If you’ve ever taken care of a septic patient, you know how stressful it can be. The protocols, the bundles, the timers, the “did I miss something?” running in the back of your mind. I sat down with Jaclyn Bond, MS, MBA, RN, a former Director of Nursing with ER, ICU, trauma, informatics, and program development experience, who has spent years improving sepsis outcomes and rapid response workflows.
Instead of focusing on textbook sepsis definitions, we talked about something much more practical: How nurse driven sepsis protocols and smarter workflows can help bedside nurses escalate earlier, treat more precisely, and feel less alone when patients start to crash.

You can listen to the full conversation here 👇
This podcast is available on Apple Podcasts, Stitcher, PlayerFM, iHeartRadio, Libsyn, Spotify, and Amazon Music.
This post pulls out the big takeaways from that conversation, especially for nurse leaders, educators, and rapid response teams who want to make meaningful change without drowning staff in more policies and “please comply” emails.
Table of Contents
Rapid Response vs Code Blue vs “Nurse Consult”: What’s the Difference?
Most of us are familiar with a rapid response call (RRT) and a code blue. Jaclyn framed it really clearly:
- Rapid response (RRT): For patients who are decompensating, but not yet in cardiac arrest. You’re worried, the vitals and monitor look bad, you need help now, but you’re not doing CPR or full ACLS (yet).

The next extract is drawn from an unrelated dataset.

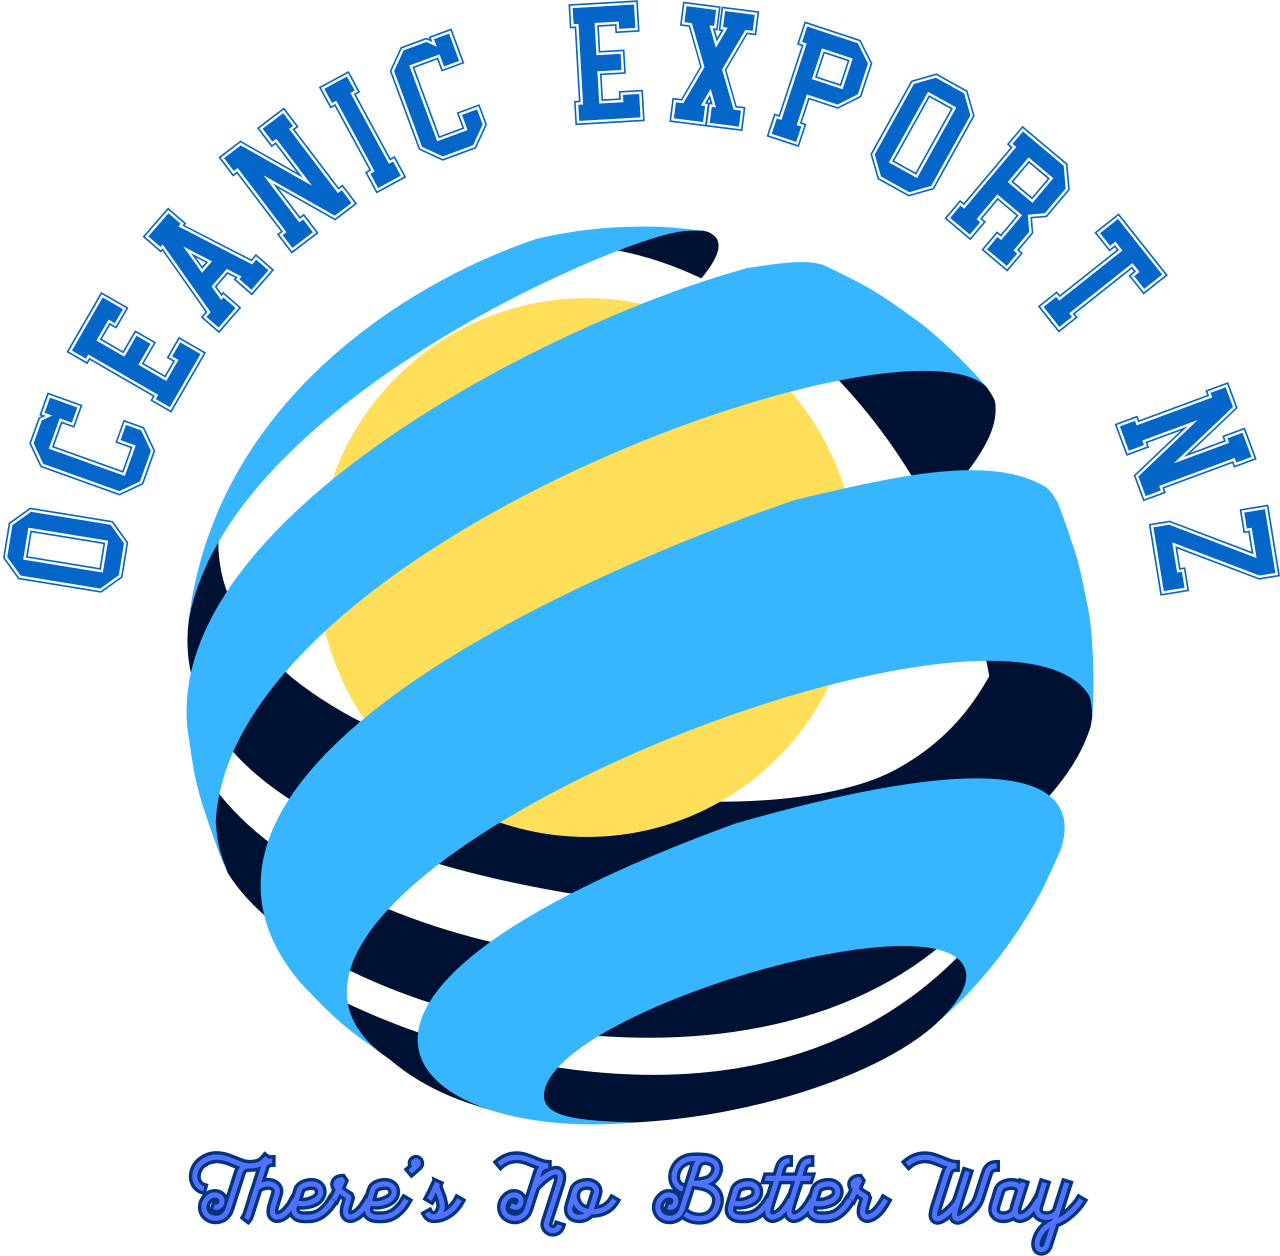 Oceanic Export Nz's web page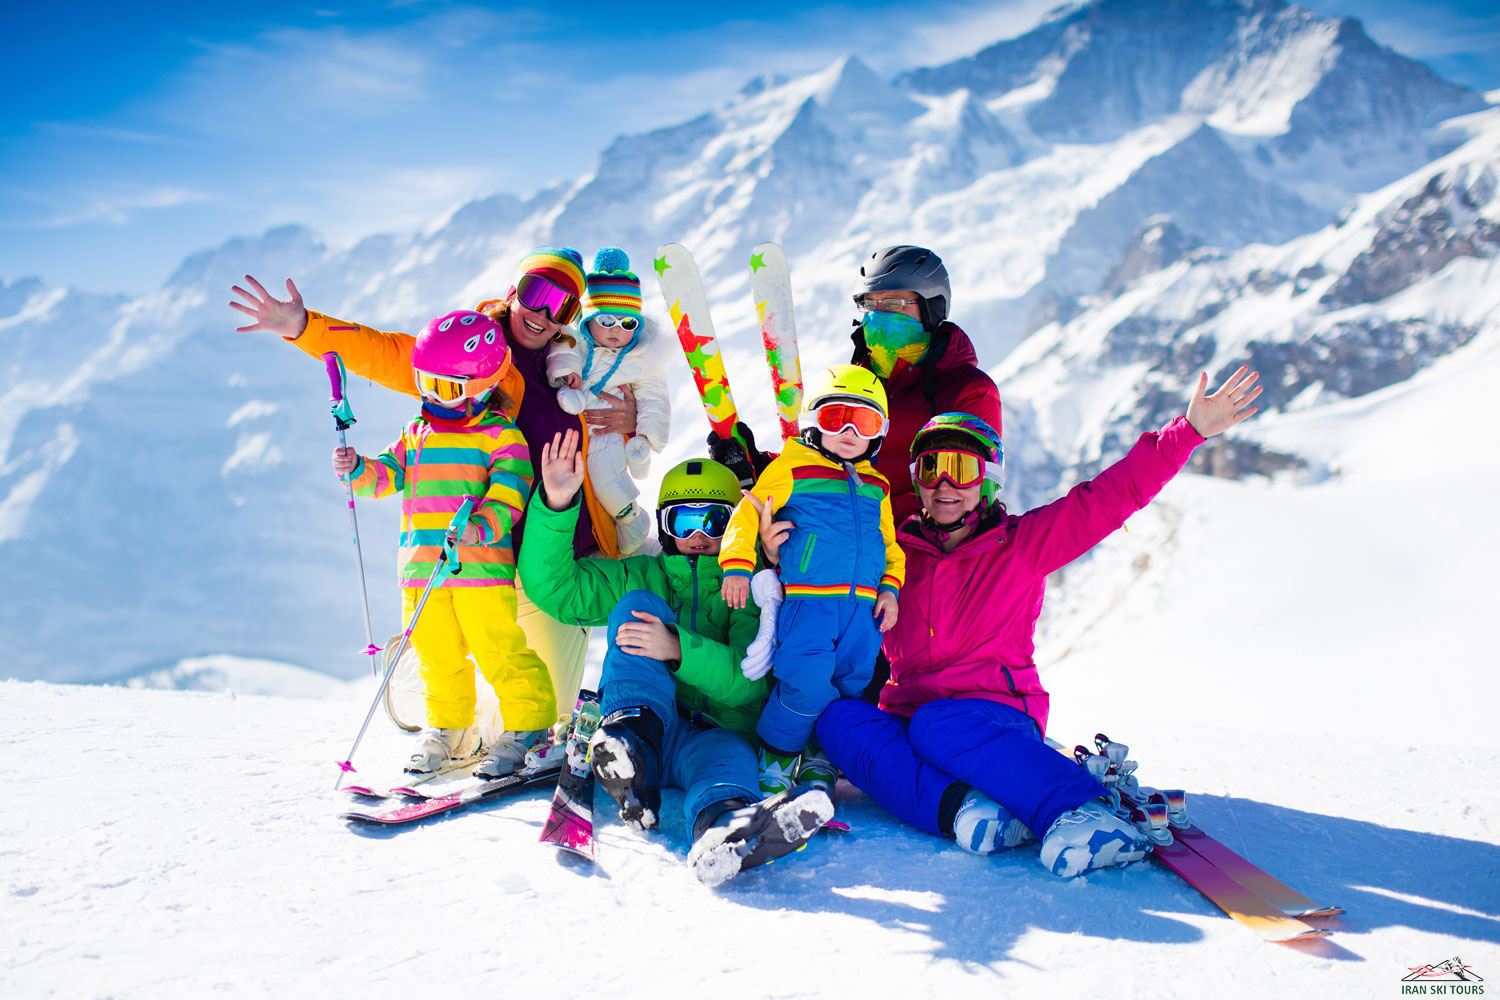 Best Destinations for Iran Ski tours

- Code blue: The patient is in cardiac or respiratory arrest and you’re actively doing ACLS, compressions, meds, the whole team at the bedside.
What Jaclyn noticed in her own organization was alarming, but very relatable: They had too few rapid responses and too many code blues. In other words, nurses were escalating late. By the time they called, the patient was already circling the drain. Why? A big part of it came down to culture, fear, and criteria.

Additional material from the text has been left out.